### REQUIREMENT
Look below for the line containing "Necklace heart clover shell - gold h5" and the line containing "1902-0084BT 5 in"; repeat exactly those two lines and all lines between them, and nothing else.

====== PROVIDED MATERIAL

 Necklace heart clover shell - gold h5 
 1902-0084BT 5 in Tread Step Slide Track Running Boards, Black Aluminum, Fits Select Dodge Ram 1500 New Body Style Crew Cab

============
====== PROVIDED MATERIAL

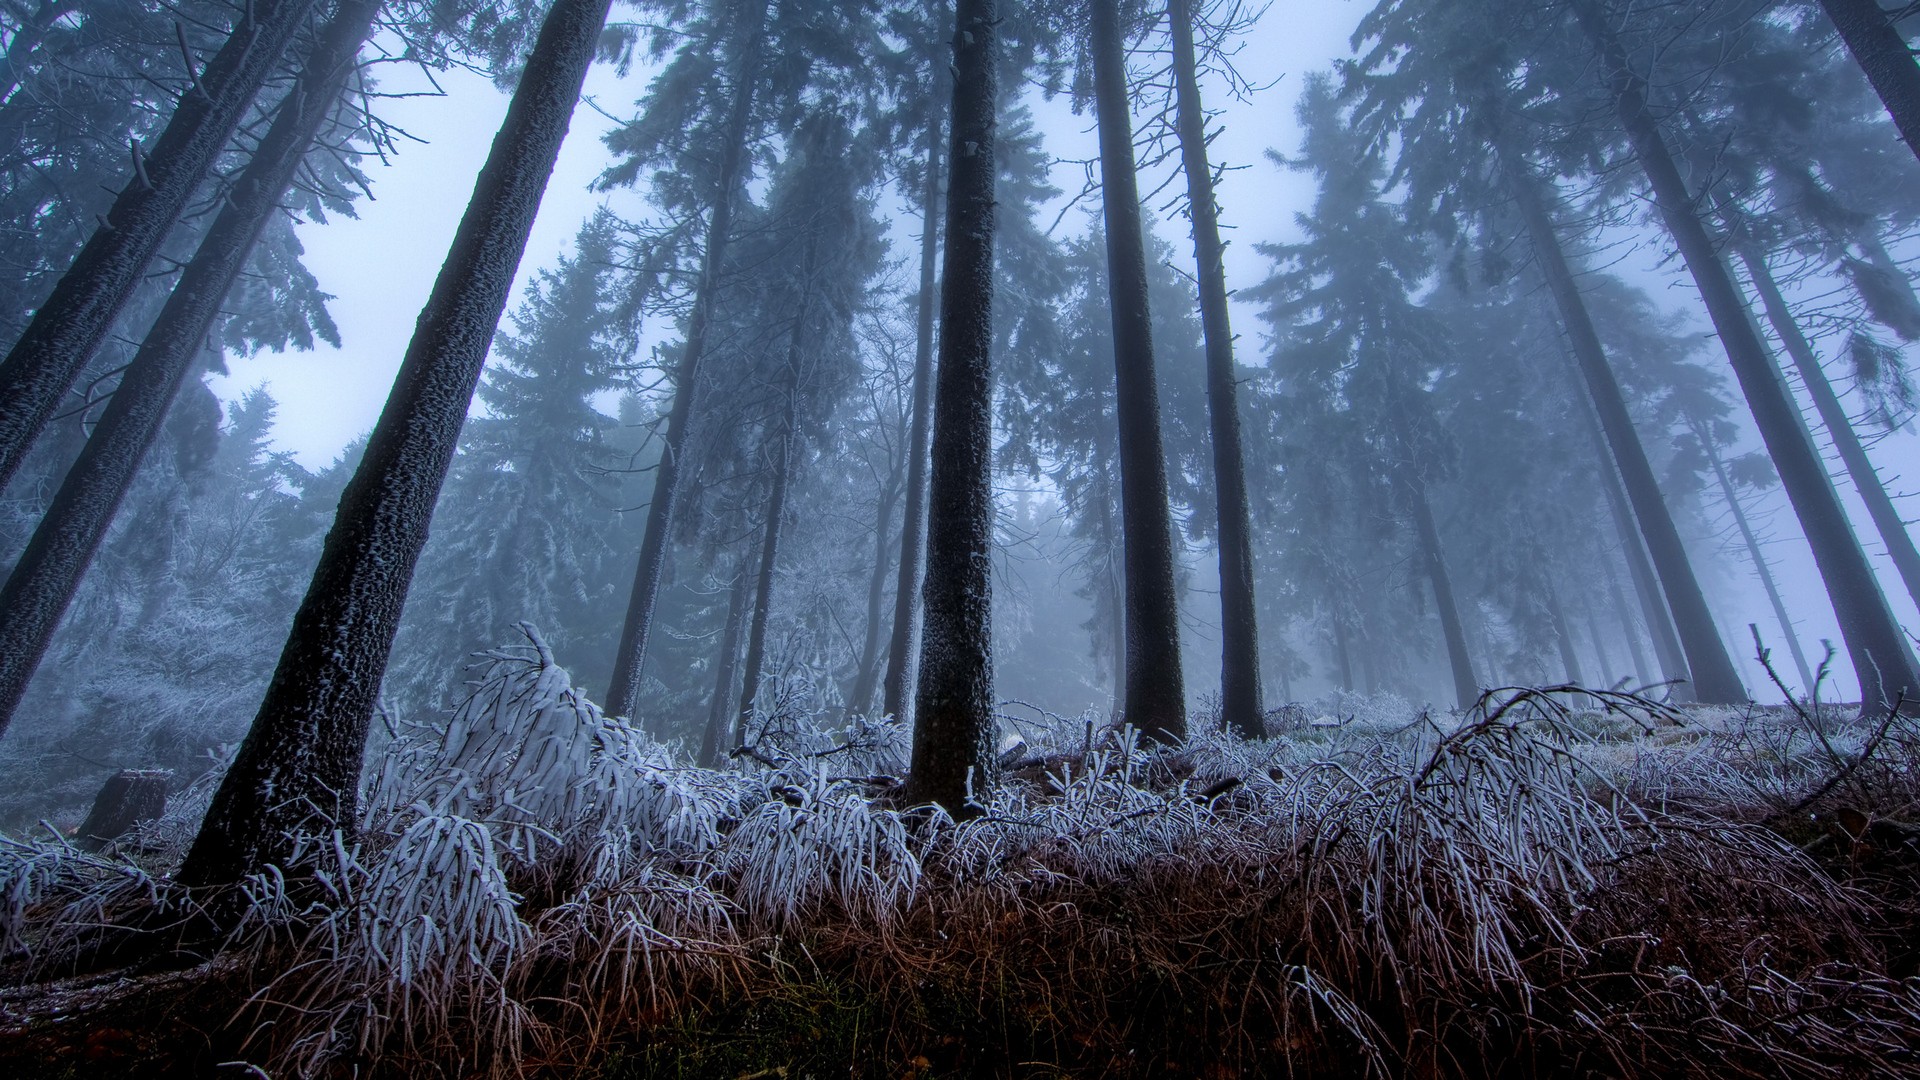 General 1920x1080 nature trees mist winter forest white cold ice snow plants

============

### ANSWER FOR THE TASK
 Necklace heart clover shell - gold h5 
 1902-0084BT 5 in Tread Step Slide Track Running Boards, Black Aluminum, Fits Select Dodge Ram 1500 New Body Style Crew Cab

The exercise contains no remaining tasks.